• The task: Full transcription, minus images: write out the listing below exactly as it appears.
--- Data excerpt Enclosed Below ---
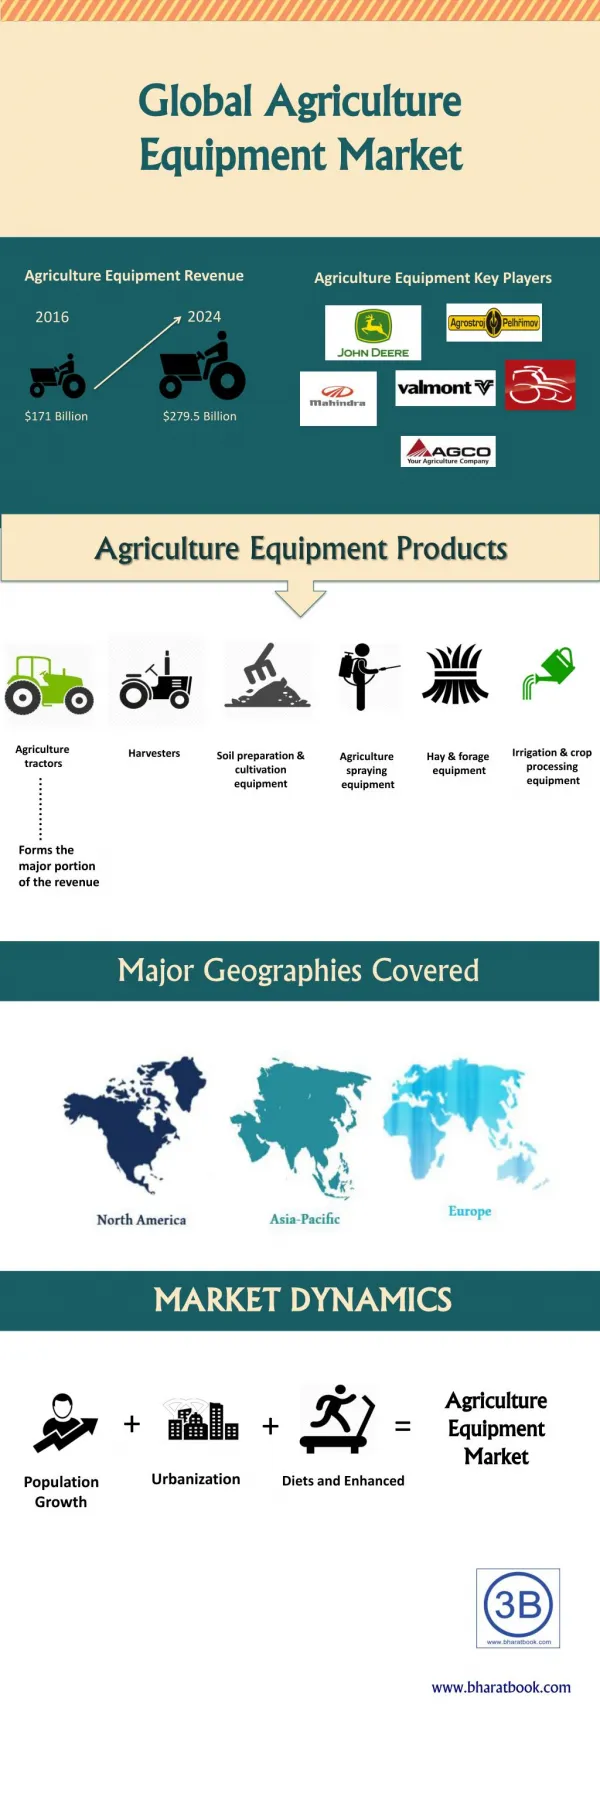 Global Agriculture Equipment Market by Product Type, Industry trends, Estimation & Forecast, 2016 - 2024
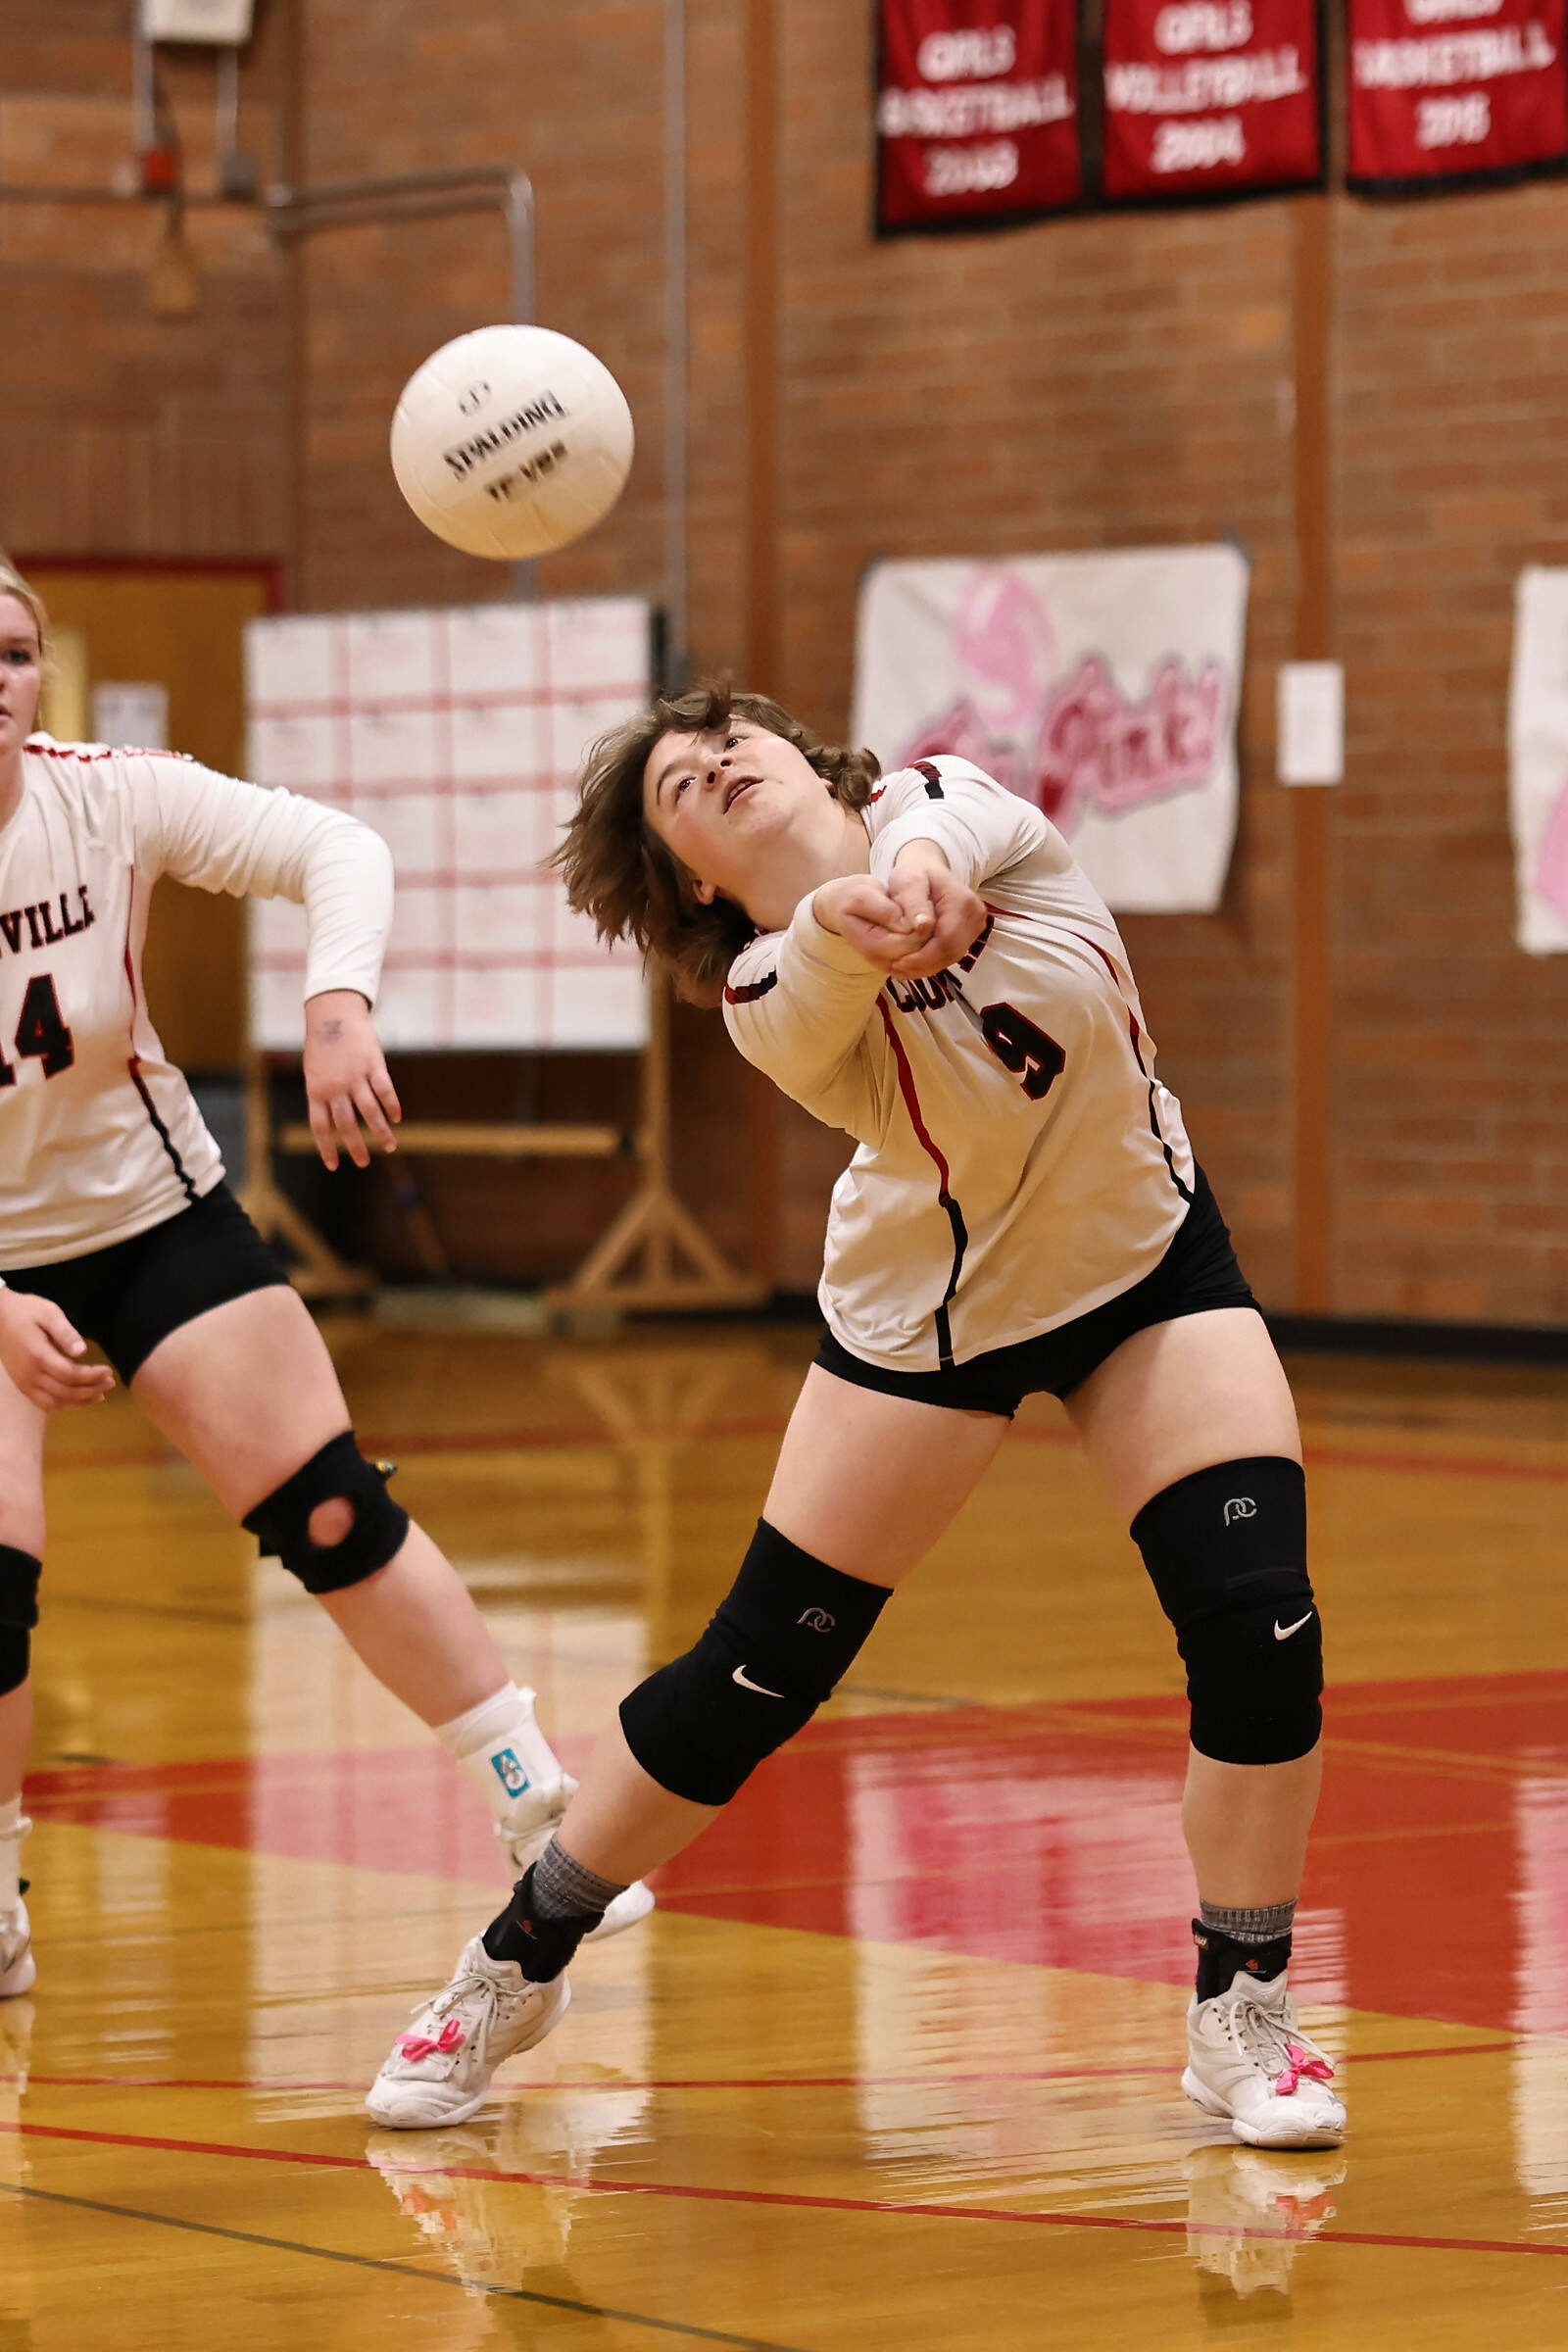 Photo by John Fisken
Coupeville athlete Taygin Jump competes in the Oct. 15 match against Neah Bay. Coupeville defeated Neah Bay 3-1. Coupeville High School’s varsity volleyball team is 8-3 overall this season.
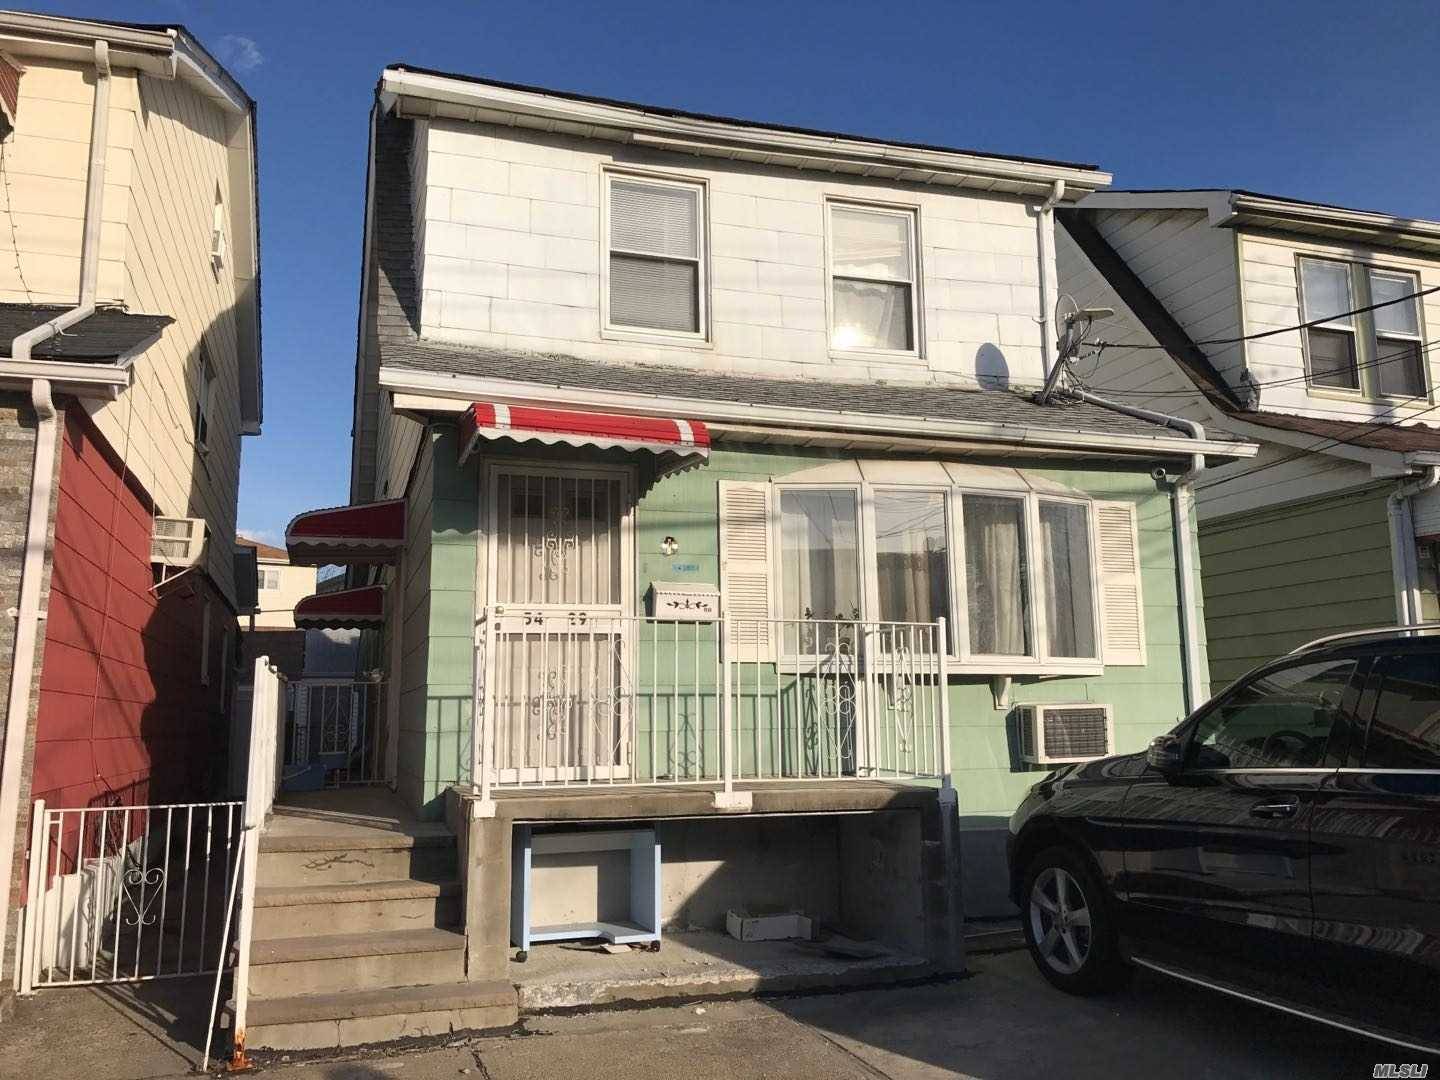 Great Legal 2 Family House For Rent, Great Location, Excellent Condition, Near Kissena Park, Main St.
--- End of Enclosed Data excerpt ---
• Exercise result:
 Global Agriculture Equipment Market by Product Type, Industry trends, Estimation & Forecast, 2016 - 2024
 Photo by John Fisken
Coupeville athlete Taygin Jump competes in the Oct. 15 match against Neah Bay. Coupeville defeated Neah Bay 3-1. Coupeville High School’s varsity volleyball team is 8-3 overall this season.
 Great Legal 2 Family House For Rent, Great Location, Excellent Condition, Near Kissena Park, Main St.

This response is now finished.